*Work to be completed*: Copy out the data word for word, without any of its pictures.

*Supplied information*:
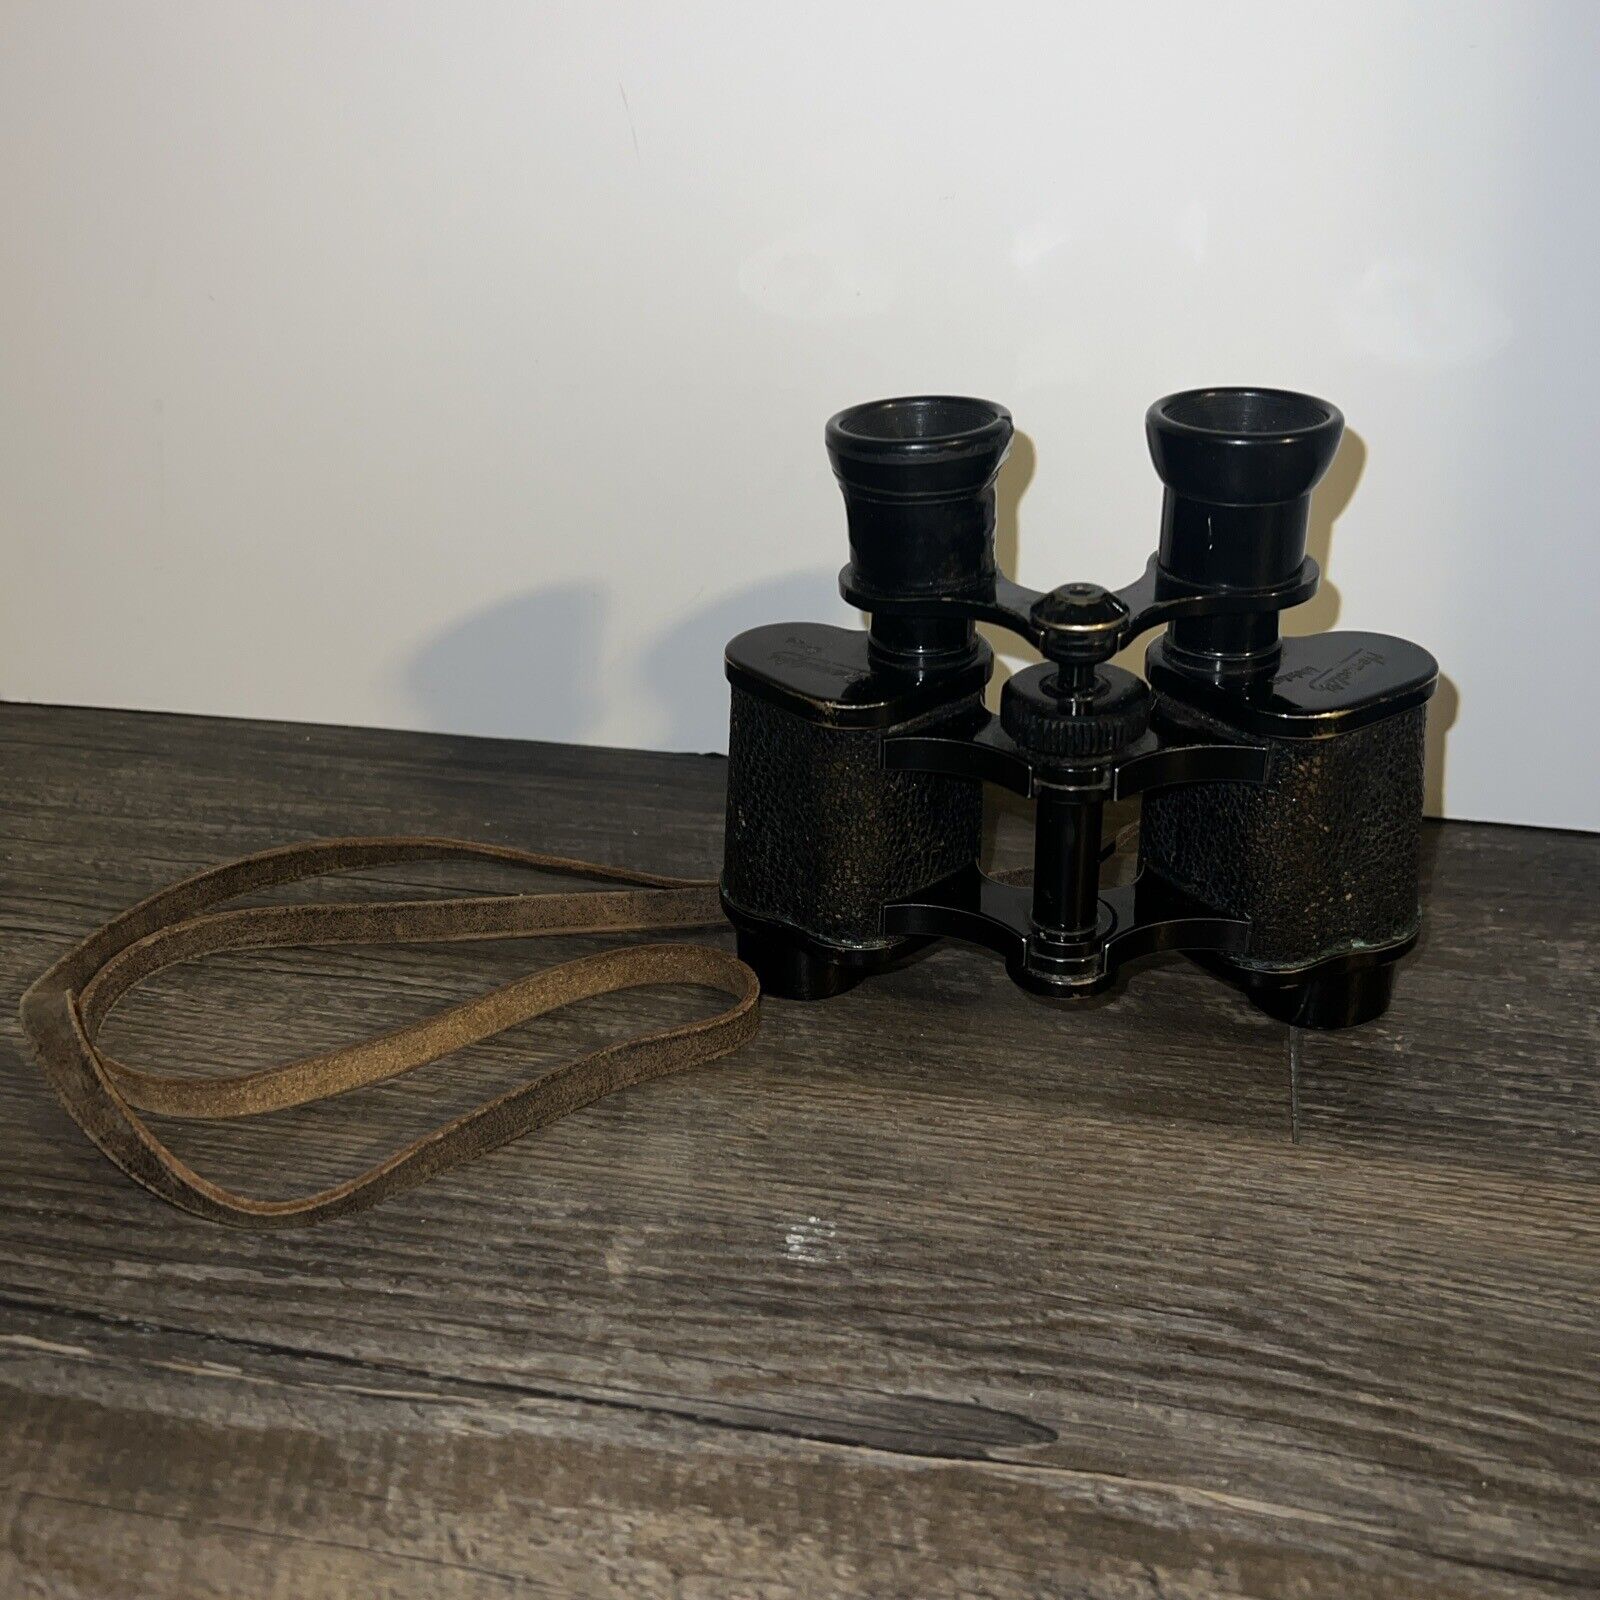 HENSOLDT WETZLAR 8 x 24 Spezialglas German WWII Binoculars with Strap
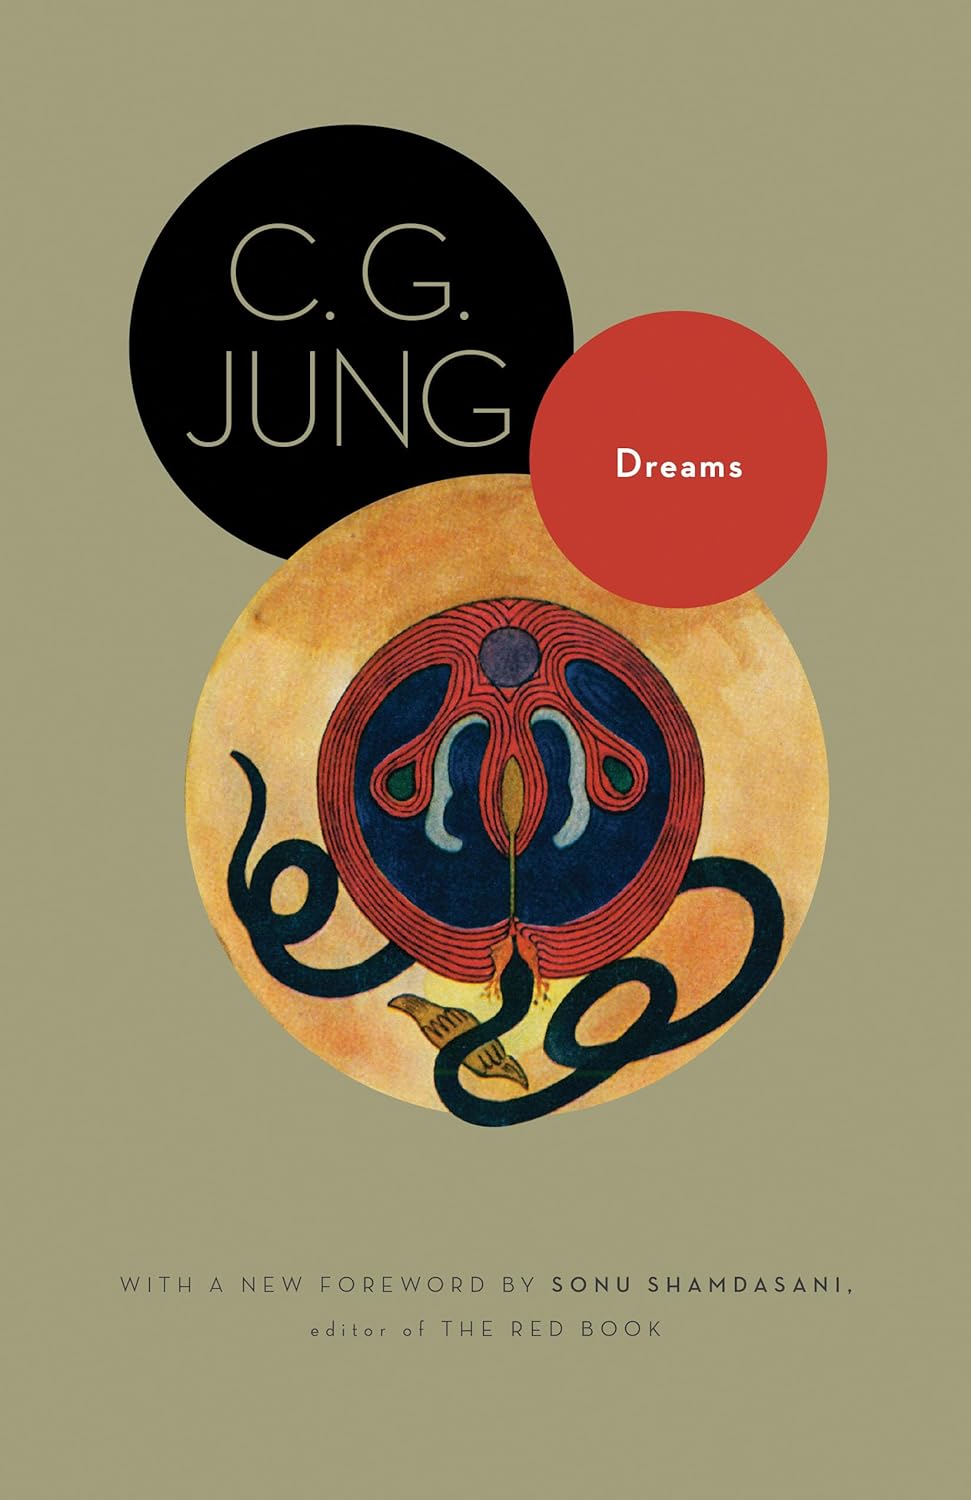 Dreams by C. G. Jung
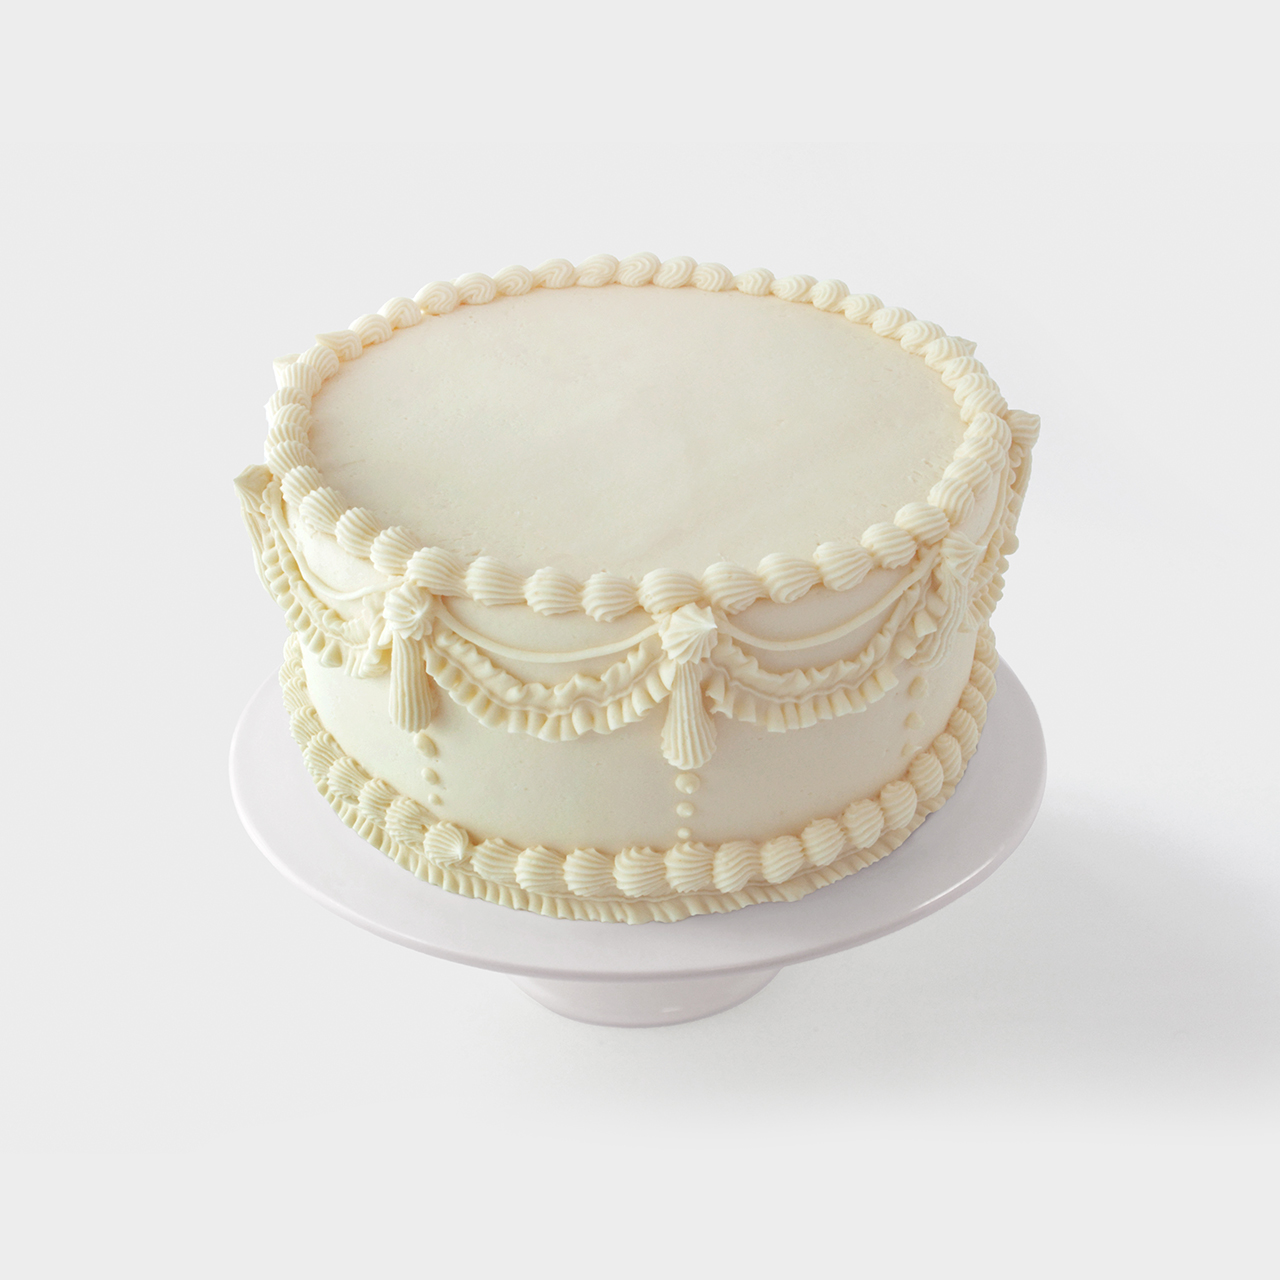 White Vintage Cake for baby shower 
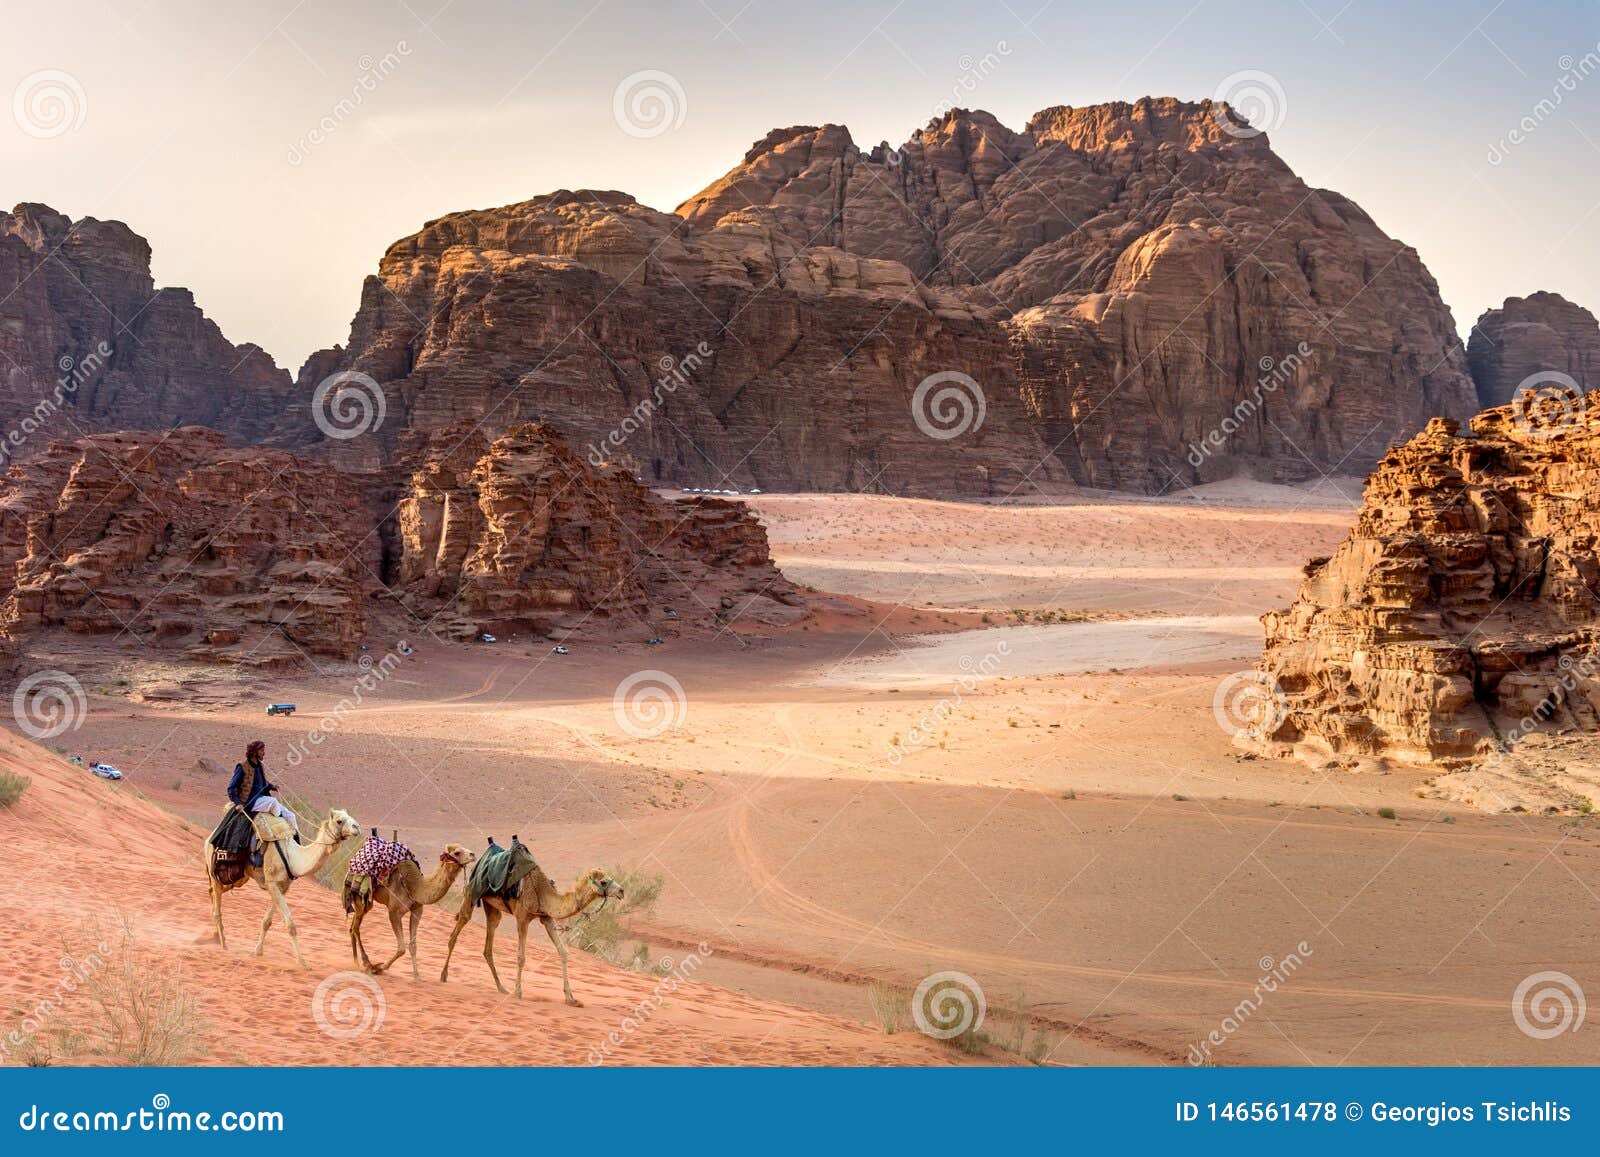 Mart Piping Løve Beduin and Camels in Wadi Rum Desert in Jordan. Editorial Stock Photo -  Image of riding, caravan: 146561478

*Exercise solution*:
 HENSOLDT WETZLAR 8 x 24 Spezialglas German WWII Binoculars with Strap
 Dreams by C. G. Jung
 White Vintage Cake for baby shower 
 Mart Piping Løve Beduin and Camels in Wadi Rum Desert in Jordan. Editorial Stock Photo -  Image of riding, caravan: 146561478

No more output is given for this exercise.